Monday, March 16, 2009

Mortality Salience and Violent Feedback

Jesse Bering at Scientific American recently wrote an interesting article about research from Germany showing that those primed to think about death were more likely to be nationalistic. As the article notes,
[T]he evolution of self-consciousness in our human ancestors came with a heavy price, which was the awareness that they were mortal. This awareness of death brought a crippling sense of anxiety... that interfered with our ancestors’ otherwise adaptive, everyday social behaviors.
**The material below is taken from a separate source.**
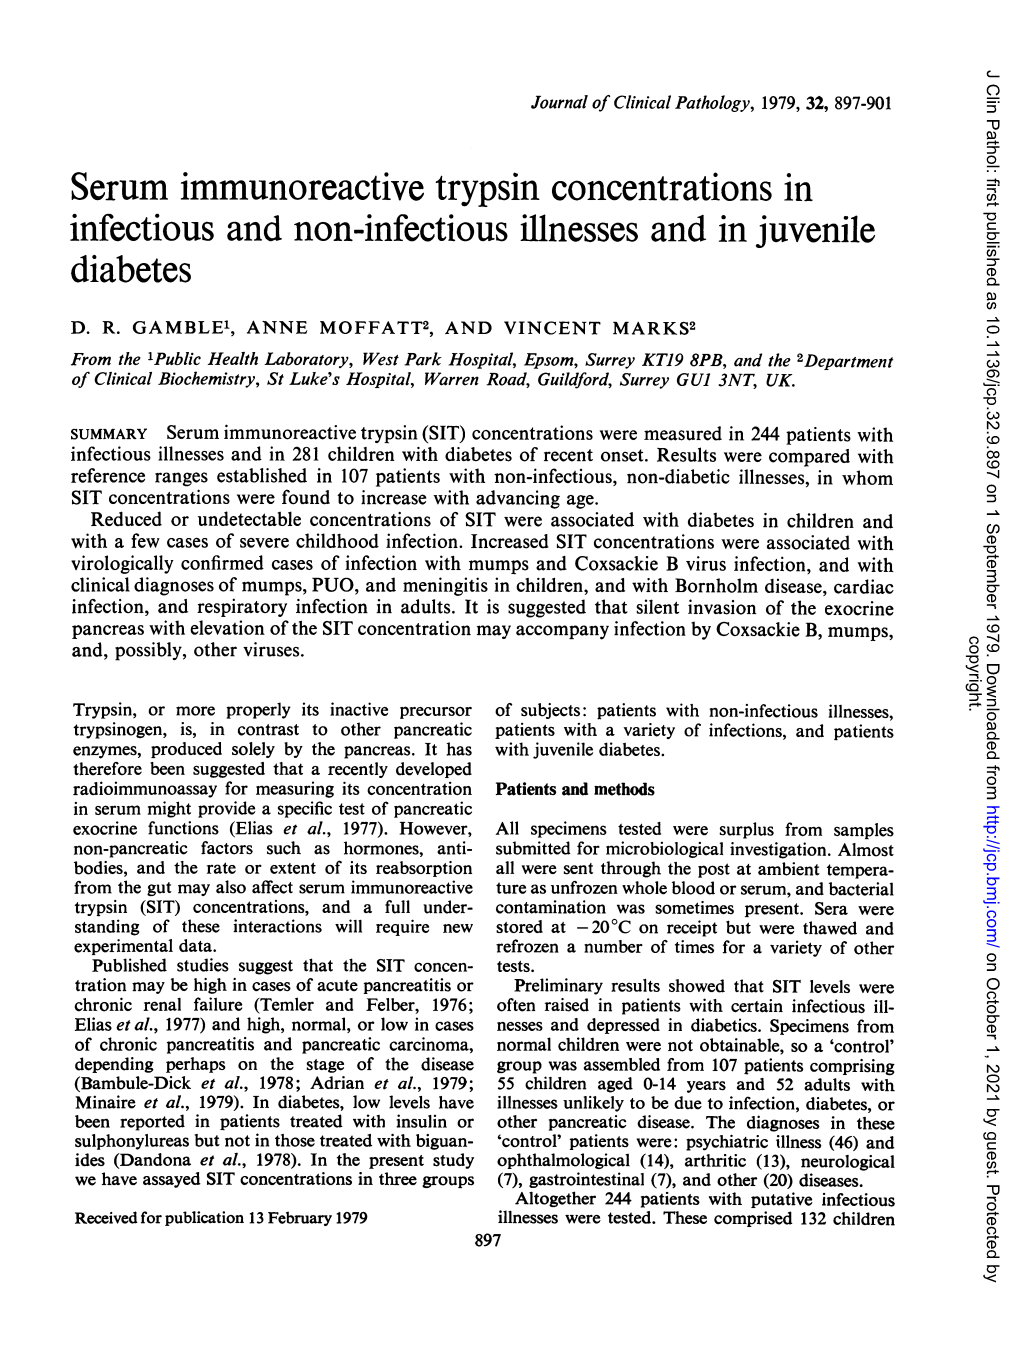 Serum Immunoreactive Trypsin Concentrations in Infectious and Non-Infectious Illnesses and in Juvenile Diabetes

To cope with this anxiety... our species evolved a suite of psychological defenses that allowed us to accept the unavoidable reality of death while assuaging our existential fears and to get on with the business of being alive.... [M]ost people tend to endorse their own prevailing cultural worldviews because culture serves as an anxiety-reducing buffer against thoughts of death. Contribute meaningfully to this system, or at least defend it, and a part of you will live on in the cultural ethos even after you turn to dust.
Once violence erupts in a region, there are many reasons to think about your own death as people you know die or are seriously injured. In these cases, terror management causes us to be hold more in-group tendencies and be more patriotic. This leads to more prejudice and hatred, which leads to more violence, and thus more mortality priming, etc. This is a nasty feedback loop that may be responsible for compounding the initial effects of violence throughout generations.

Yet another reason that we should strive to stop violence between cultural groups before it starts, and be thankful (at least in the US) for our current relatively peaceful society.